SEATTLE - Migrants being held at U.S. Immigration and Customs Enforcement's (ICE) facilities say they continue to experience inhumane conditions and abuse by staff as they await a resolution to their asylum requests.
In 2020, the Office for Civil Rights and Civil Liberties (CRCL) opened complaints alleging abuses of the civil rights and civil liberties of individuals in the custody of ICE at the Otero County Processing Center in New Mexico.
As reported by The Latin Times in June, five migrants detained at New Mexico's Torrance County Detention Facility shared a letter on social media denouncing the treatment received at the facility, complaining about the shortage of medicine, water and personal hygiene products. The letter added that people detained at Torrance were victims of racism, malnourishment and even reported physical and phycological abuse.
"This is not a detention center for immigrants, this is a prison where they leave you up to six hours in your cell and where you get no more than one hour of recreation," said Fernando Crespo in a phone interview with Noticias Telemundo back in July.
As immigration continues to be a heavily important topic for voters ahead of the 2024 presidential elections, experts and civil rights advocates argue that the current situation inside ICE detention centers could dramatically change depending on who is elected president.
"If Donald Trump is elected for another term, he certainly would not have a problem by expanding detention centers," said Kevin Appleby, senior fellow for policy and communications at the Center for Migration Studies of New York. "Without a doubt, Trump will want to expand detention centers as well as keep using county jails and even federal facilities to keep on detaining migrants," added Appleby.
By the end of Trump's term as president, the average daily capacity at ICE detention centers jumped from 34,000 during the Barack Obama administration to almost 50,000, according to a report by the American Civil Liberties Union (ACLU). The report also mentions that during Trump's term, ICE expanded its detention centers by 50% by agreeing to opening more than 40 new facilities across the country.
In April, during an an interview with Time magazine, Trump was asked whether he would build new detention camps as part of his campaign pledge to carry out the biggest deportation of migrants in the history of the U.S., "I would not rule out anything," Trump said. He added that "there wouldn't be that much of a need for them", he said, as the plan is to deport migrants in the U.S. illegally back to their home countries as quickly as possible.
During the interview, he said he would use National Guard troops to assist in his planned deportation efforts and, in case they were not able to, he would use the military.

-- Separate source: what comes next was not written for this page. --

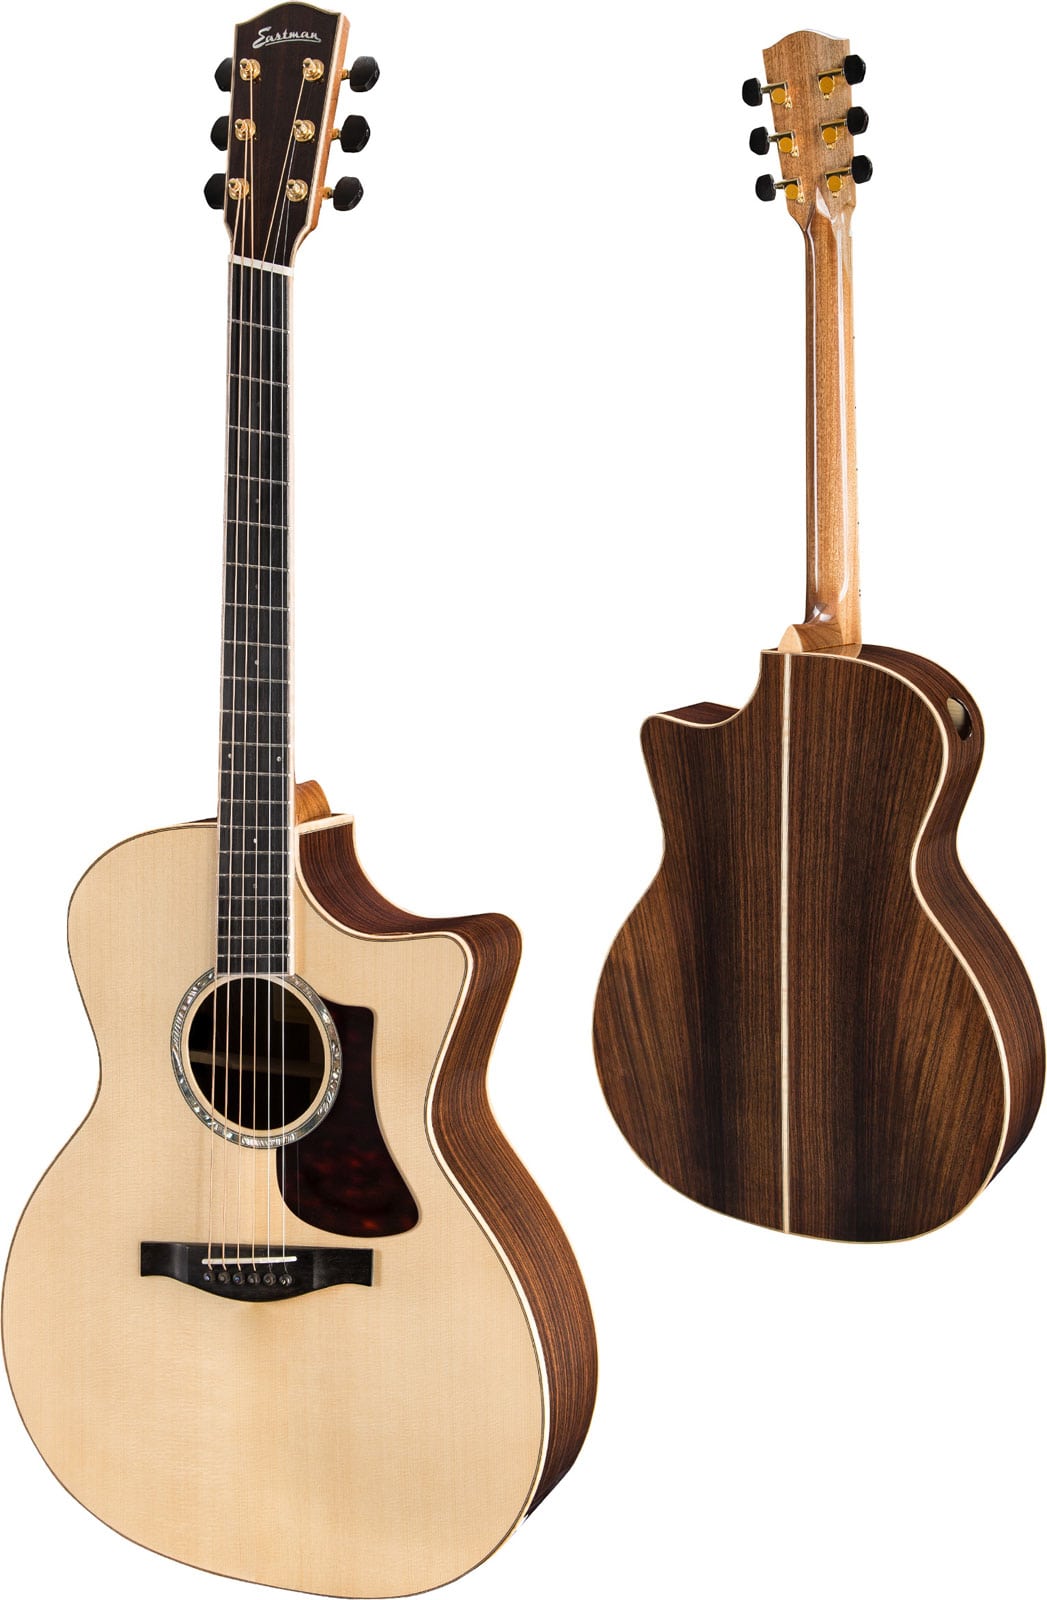 EASTMAN AC822CE-FF NATURAL

When asked about the 1878 Posse Comitatus Act, a post- Civil War law that prohibits the deployment of the military against civilians, he said "these aren't civilians. These are people that aren't legally in our country. This is an invasion of our country," he added.
On the other hand, Kamala Harris, the virtual presidential nominee for the Democratic Party, said on July 30 that she would support a bipartisan coalition that would seek to increase the financing of detention centers, as well as increasing the number of Border Patrol agents, asylum officials and immigration judges.
"I think that, in case Harris is elected, a lot of the people in charge of the detention centers will remain in their jobs," said Appleby. "Unless there is increased pressure to develop new alternatives, the most likely scenario is that the trend will continue by giving ICE more funding," he said.
Earlier this year, Congress released its Fiscal Year 2024 funding bill for the Department of Homeland Security, increasing the budget for ICE detention from $2.9 billion to $3.4 billion in response to the more than 3.2 million encounters of migrants during 2023. According to U.S. Border and Customs Protection, that is the highest number of encounters on record, surpassing the almost 2.8 million encounters registered in 2022.